**EXERCISE INPUT**
BEGIN

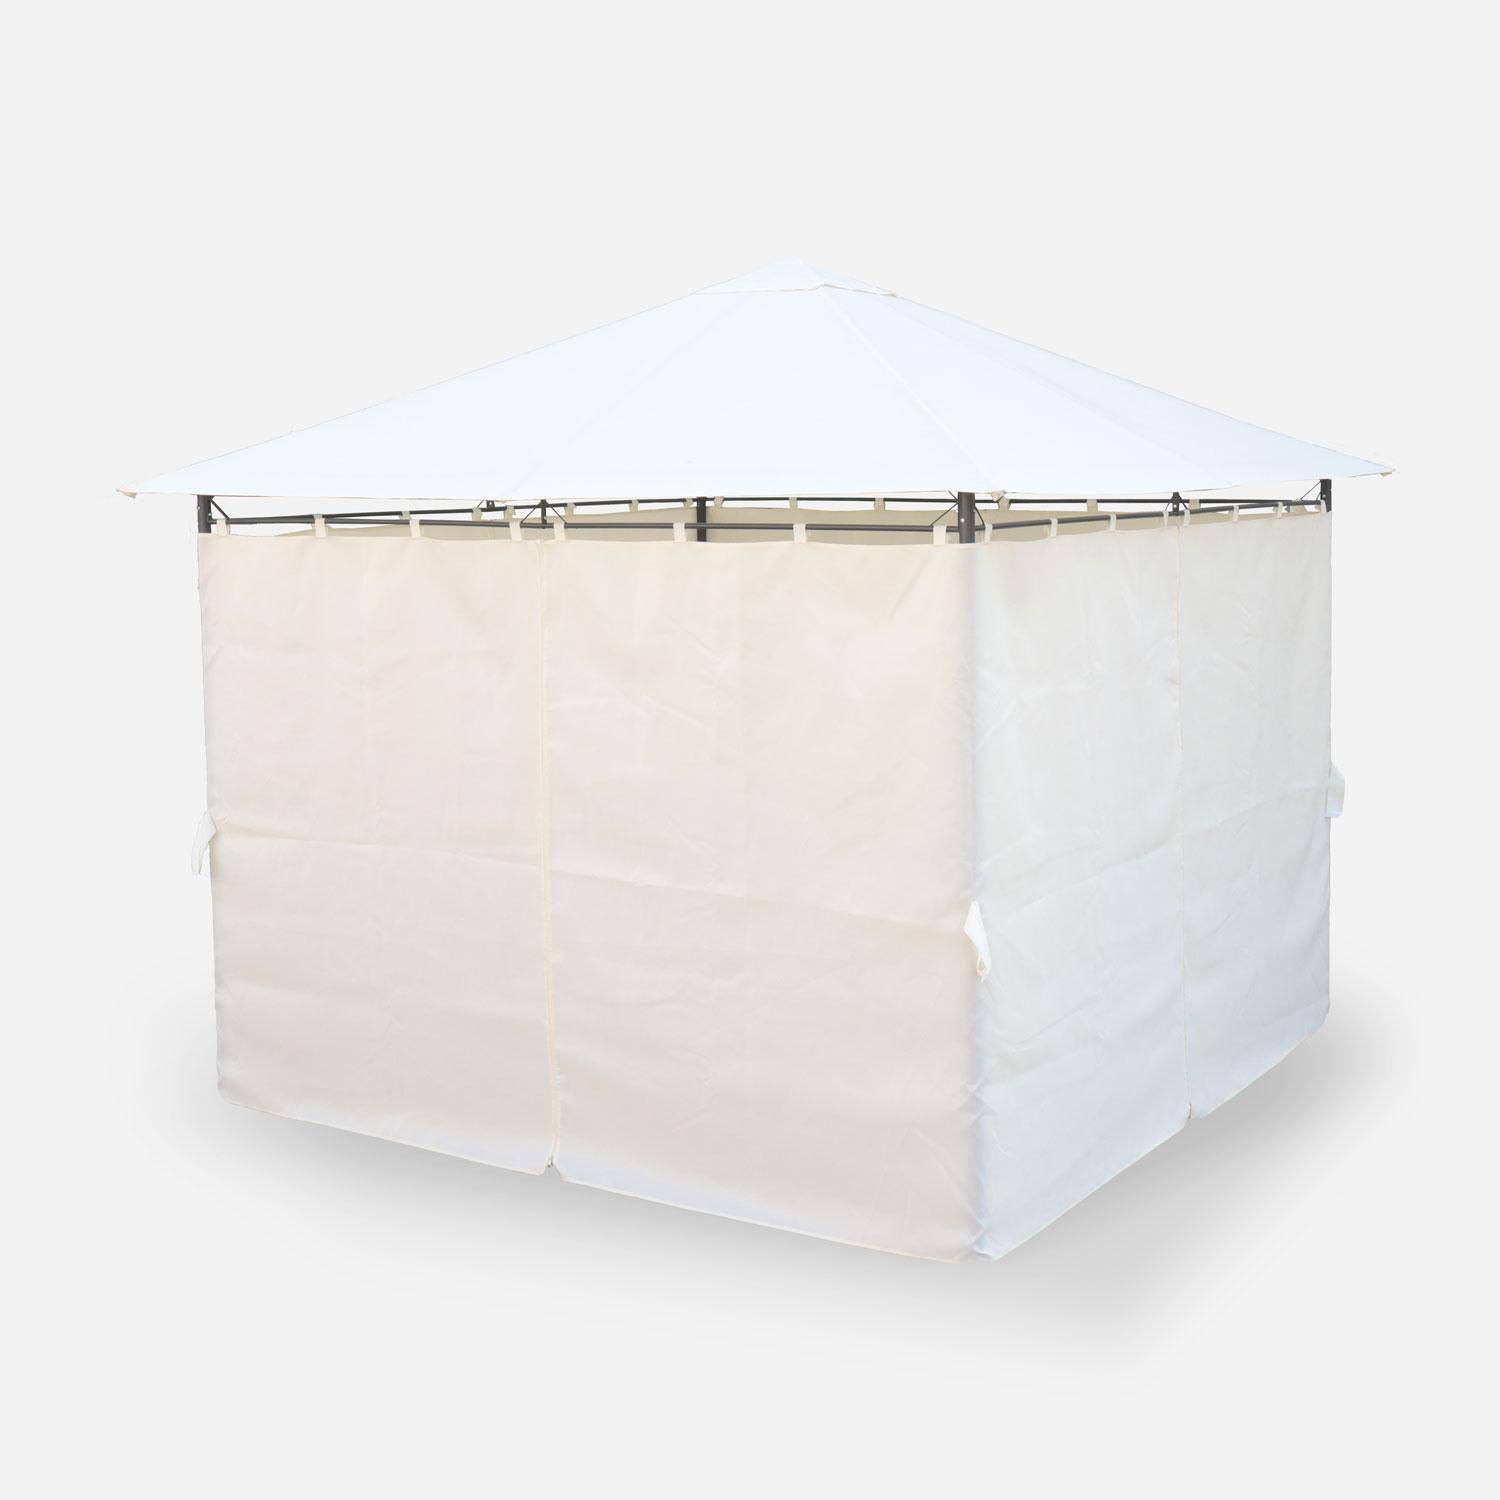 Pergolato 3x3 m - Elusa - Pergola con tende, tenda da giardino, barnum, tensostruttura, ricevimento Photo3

END
BEGIN

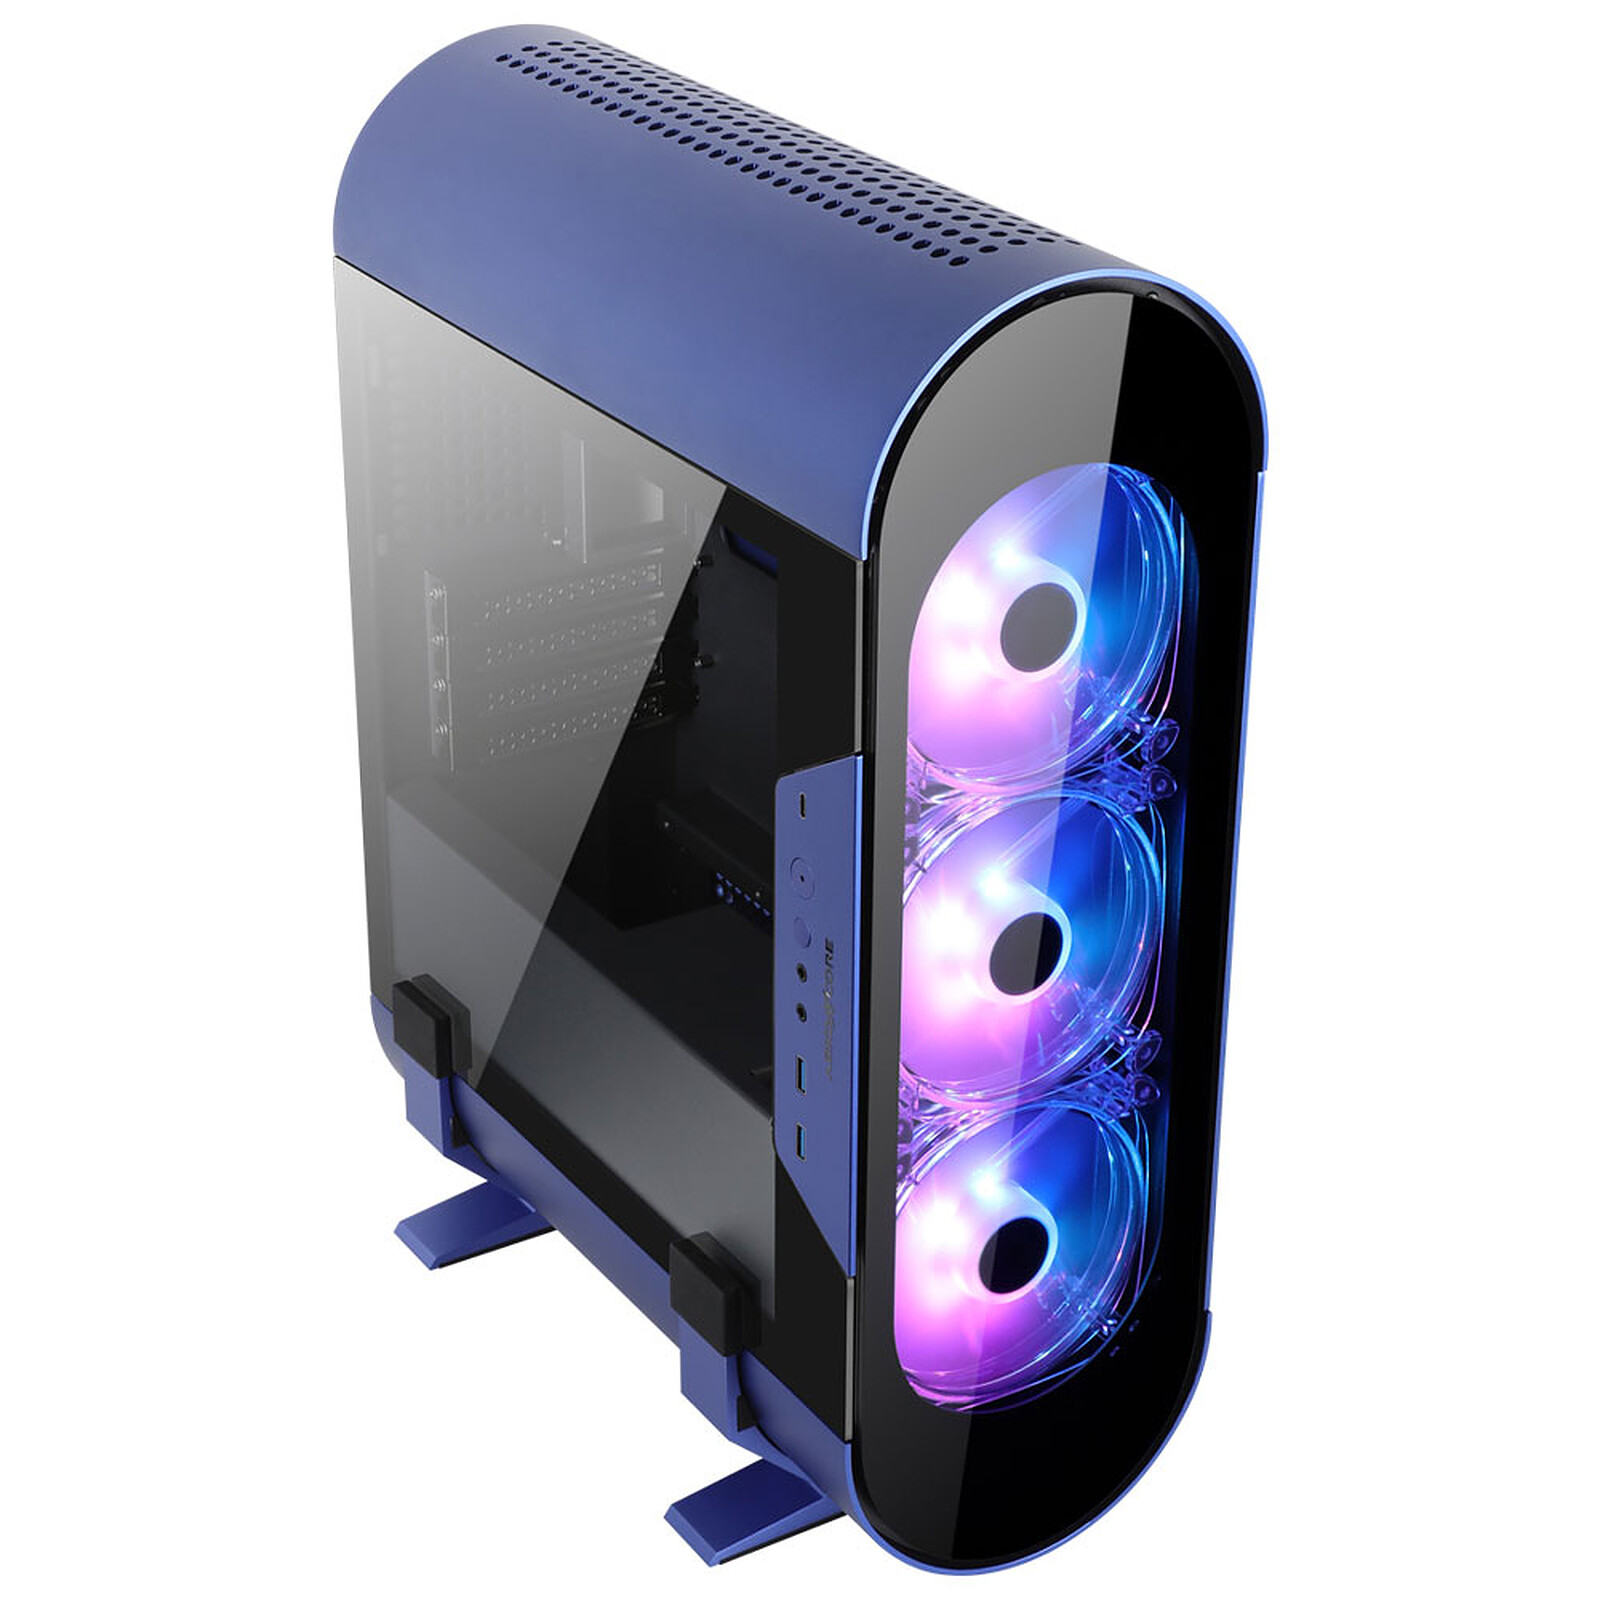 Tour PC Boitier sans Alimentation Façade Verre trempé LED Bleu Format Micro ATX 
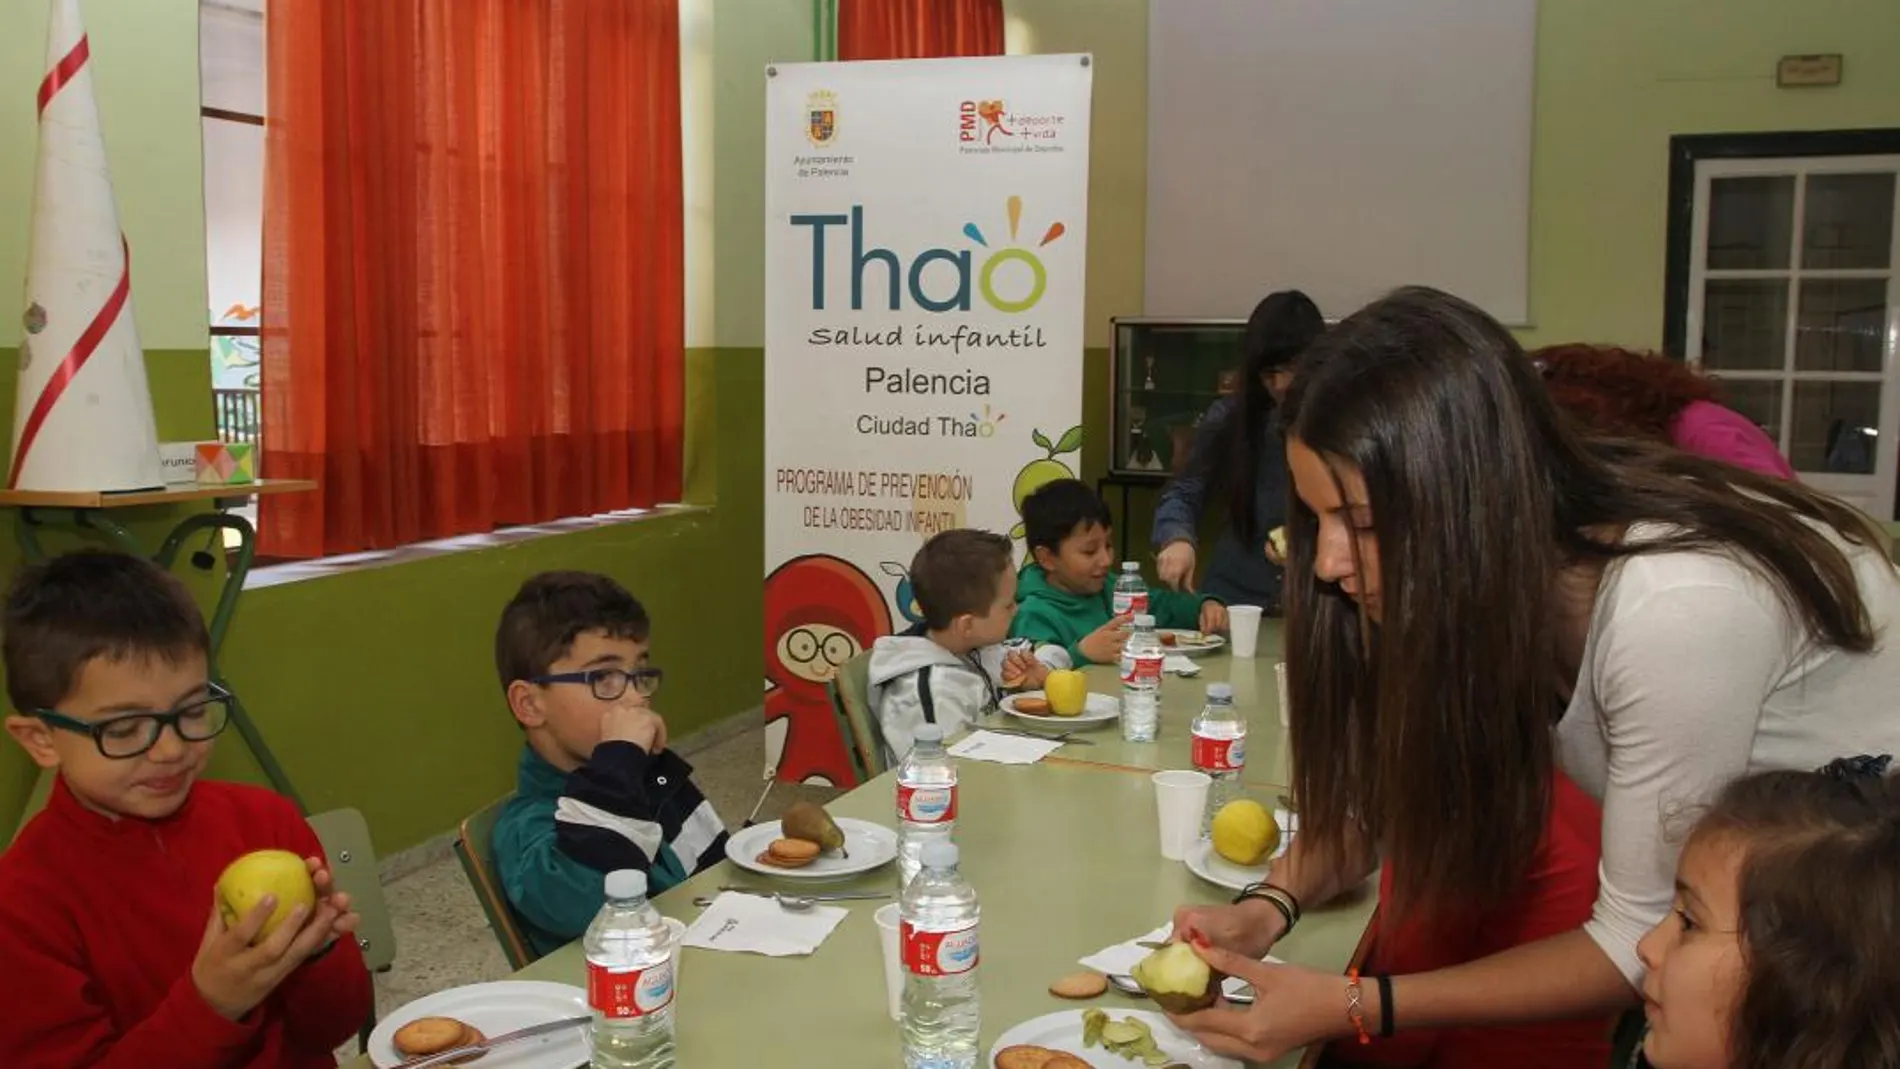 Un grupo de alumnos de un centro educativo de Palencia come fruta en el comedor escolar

END

**WORK TASK**
Within the listing above, write out the stretch from the line with "Tour PC Boitier" through the line with "Un grupo de" exactly. Any pictures are to be left out.

**RESPONSE TO THE EXERCISE**
 Tour PC Boitier sans Alimentation Façade Verre trempé LED Bleu Format Micro ATX 
 Un grupo de alumnos de un centro educativo de Palencia come fruta en el comedor escolar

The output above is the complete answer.